- [What to do]: Retype the listing exactly as it stands, and keep every image out.

Start of Given data

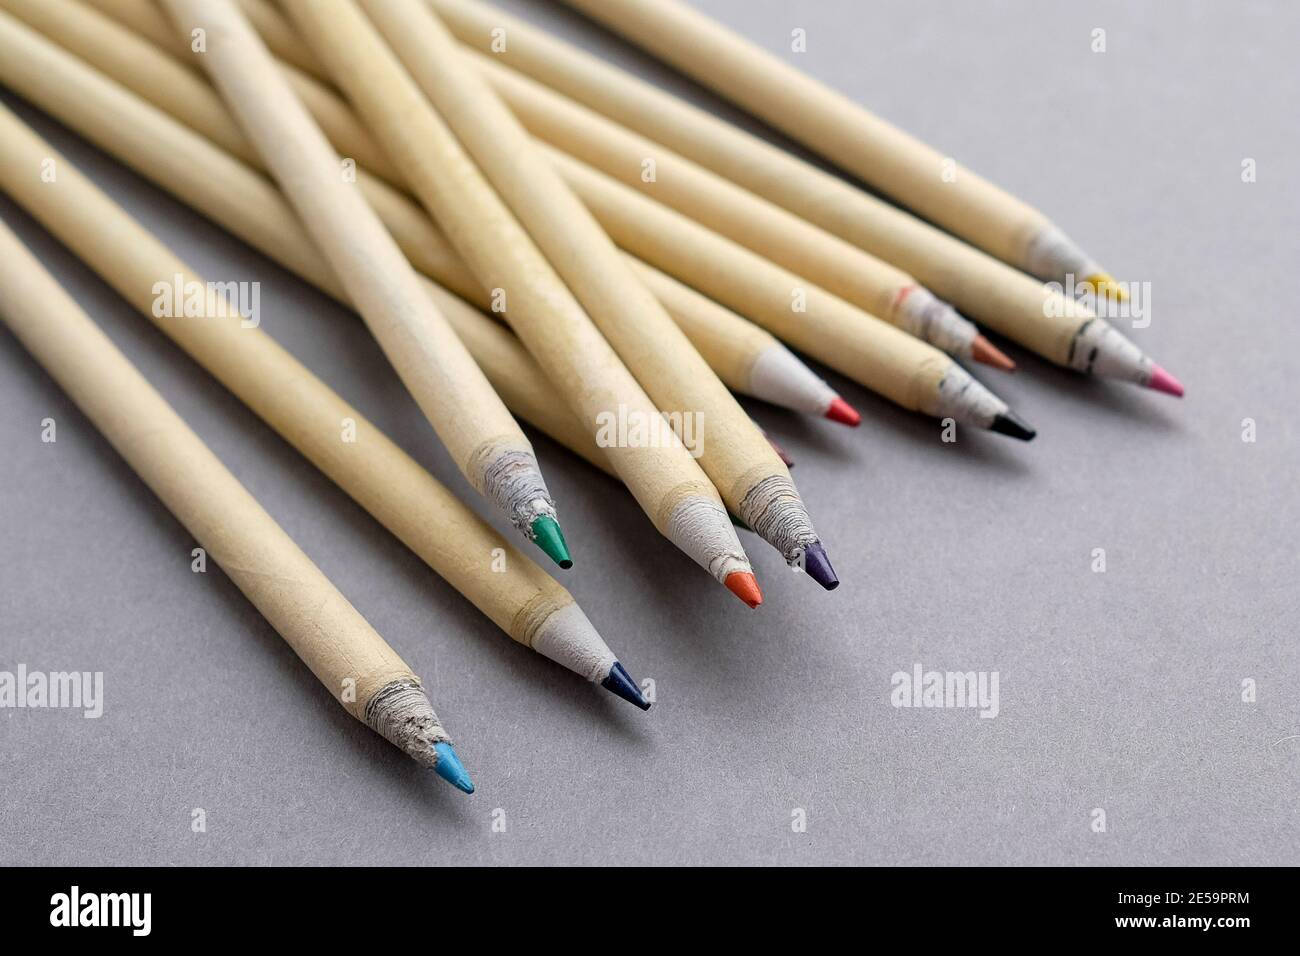 Eco-friendly pencils. Colored pencils for drawing. Grey background. Stock Photo
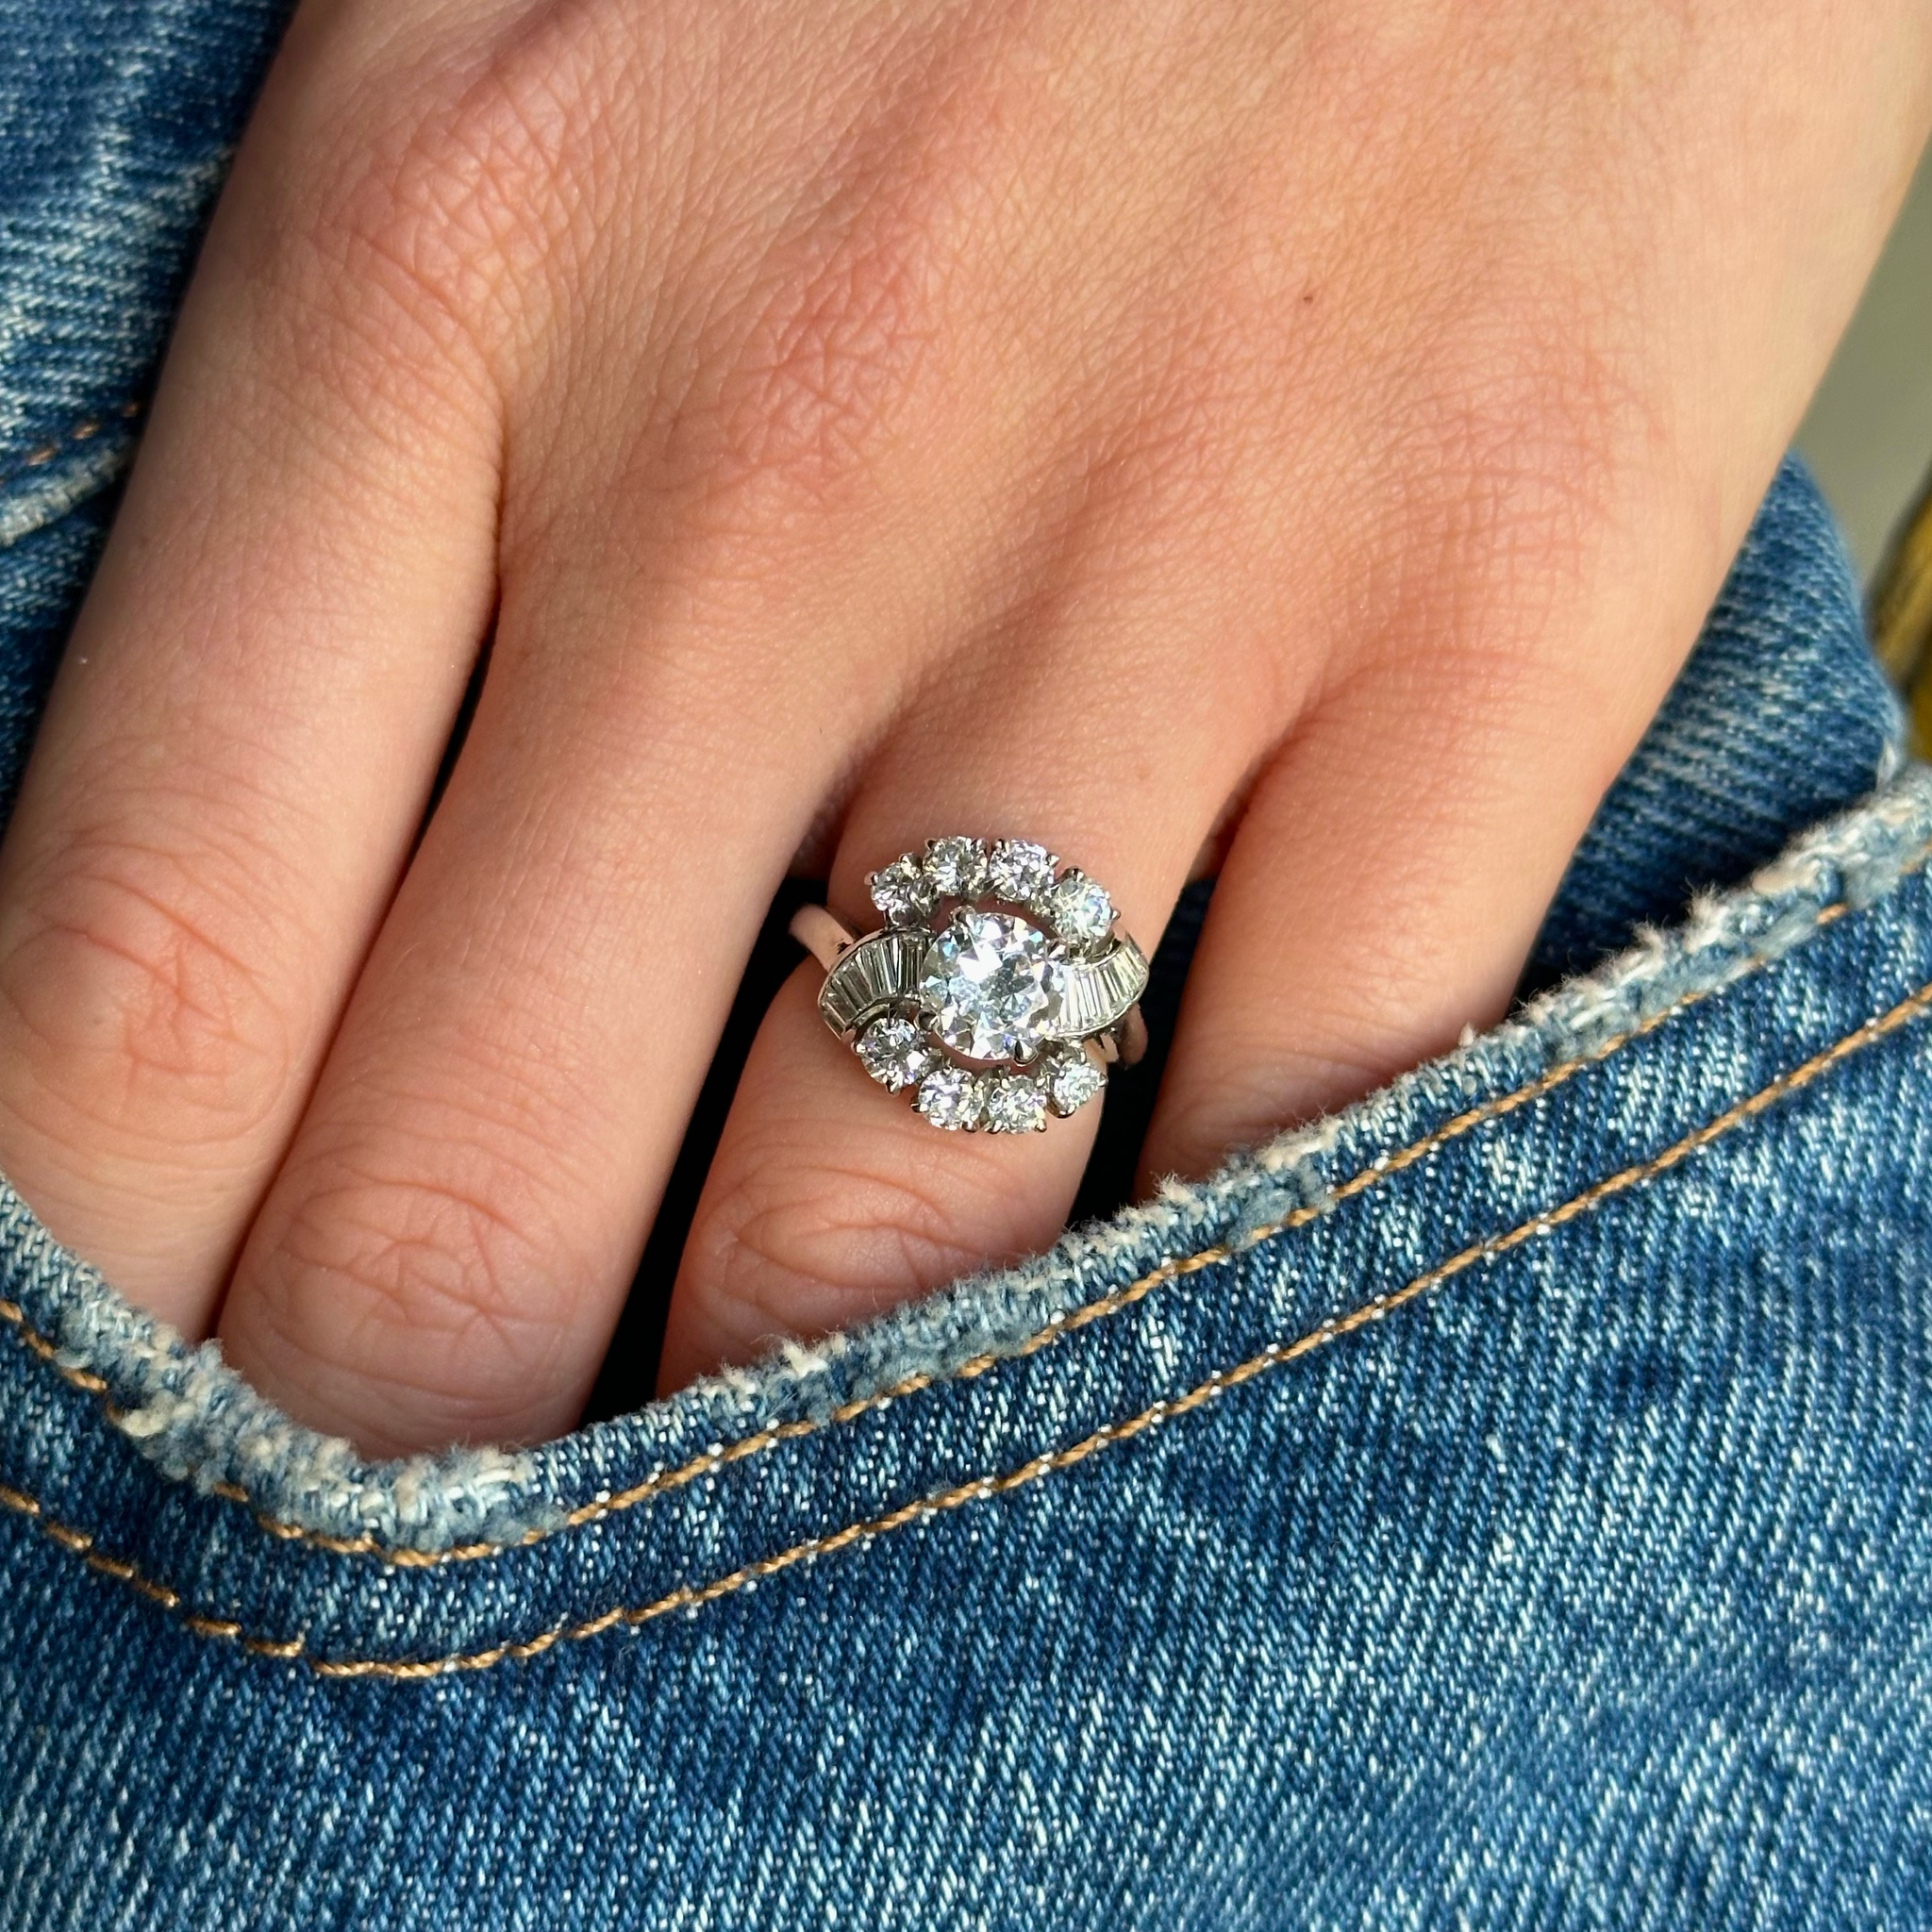 Cartier diamond engagement ring worn on hand in pocket of jeans
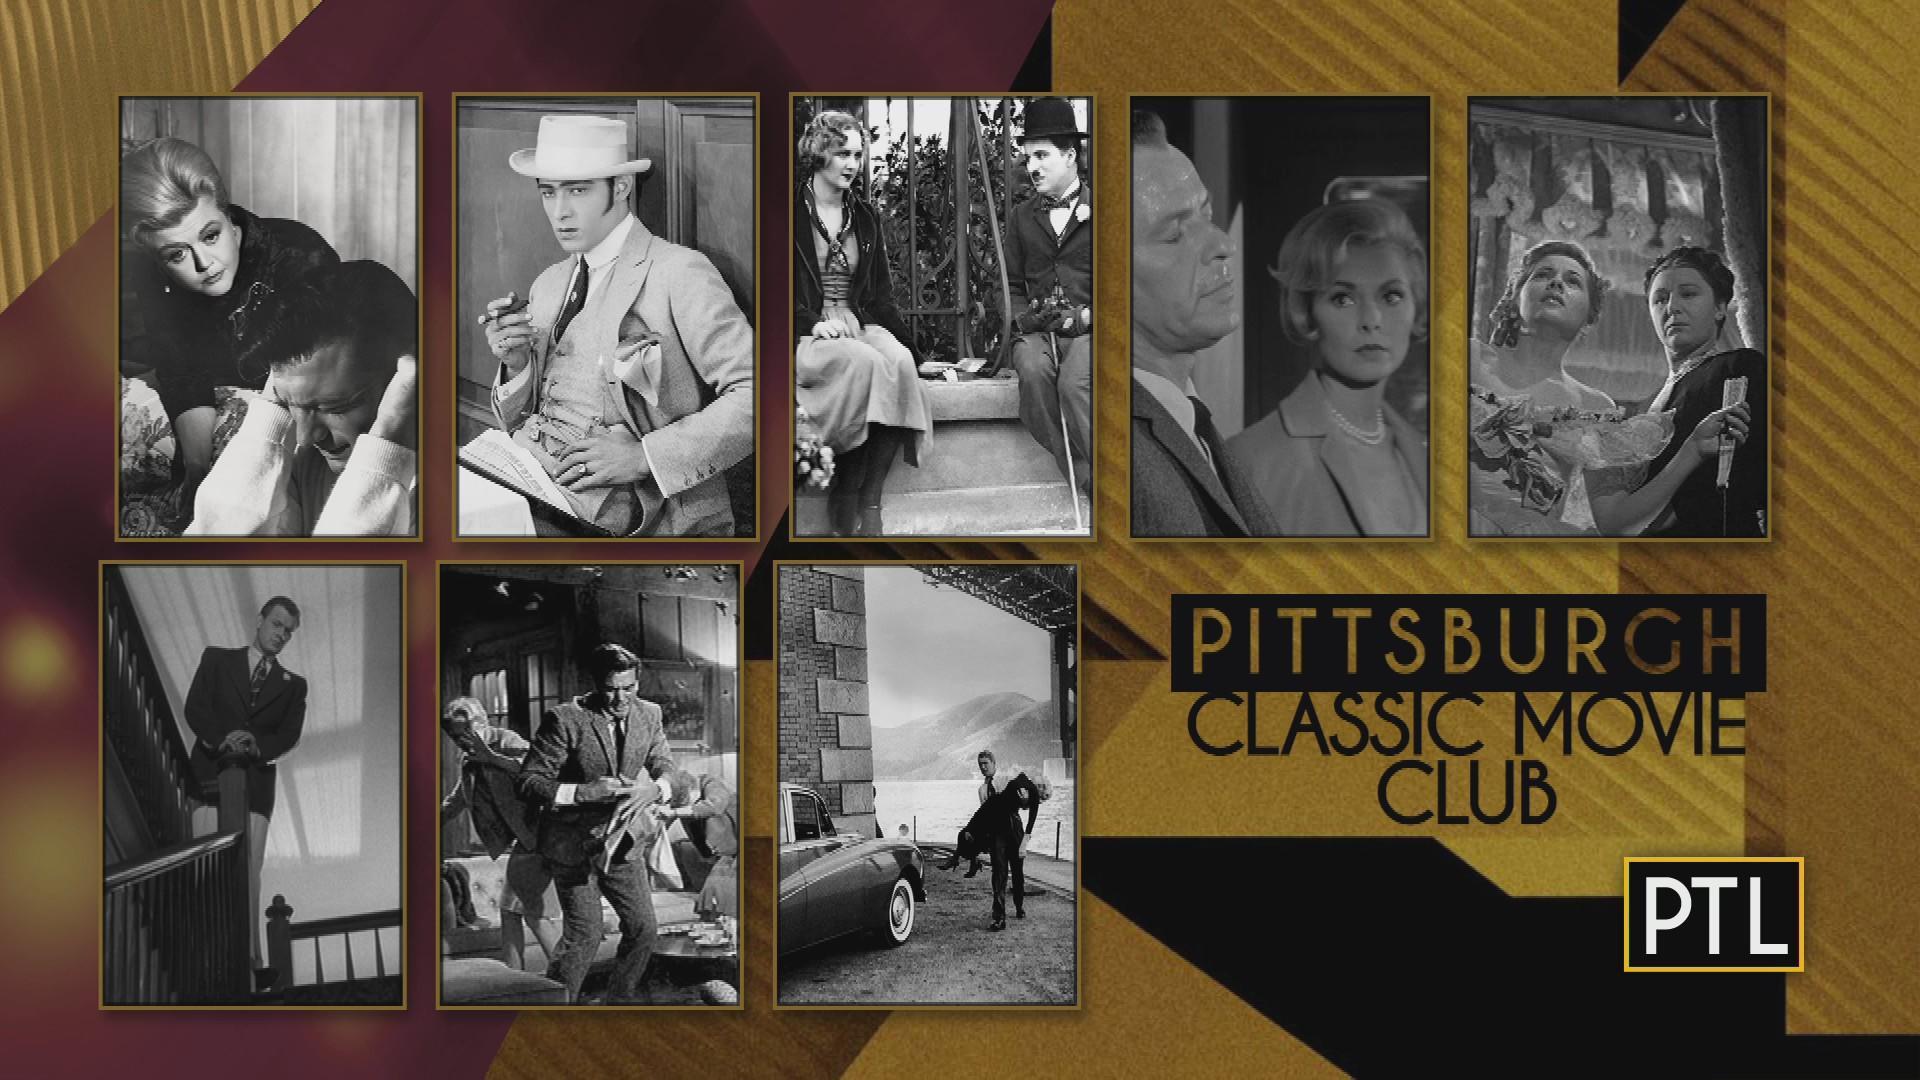 Pittsburgh Classic Movie Club celebrates old Hollywood - CBS

End of Given data

- [Result of the task]:
 Eco-friendly pencils. Colored pencils for drawing. Grey background. Stock Photo
 Cartier diamond engagement ring worn on hand in pocket of jeans
 Pittsburgh Classic Movie Club celebrates old Hollywood - CBS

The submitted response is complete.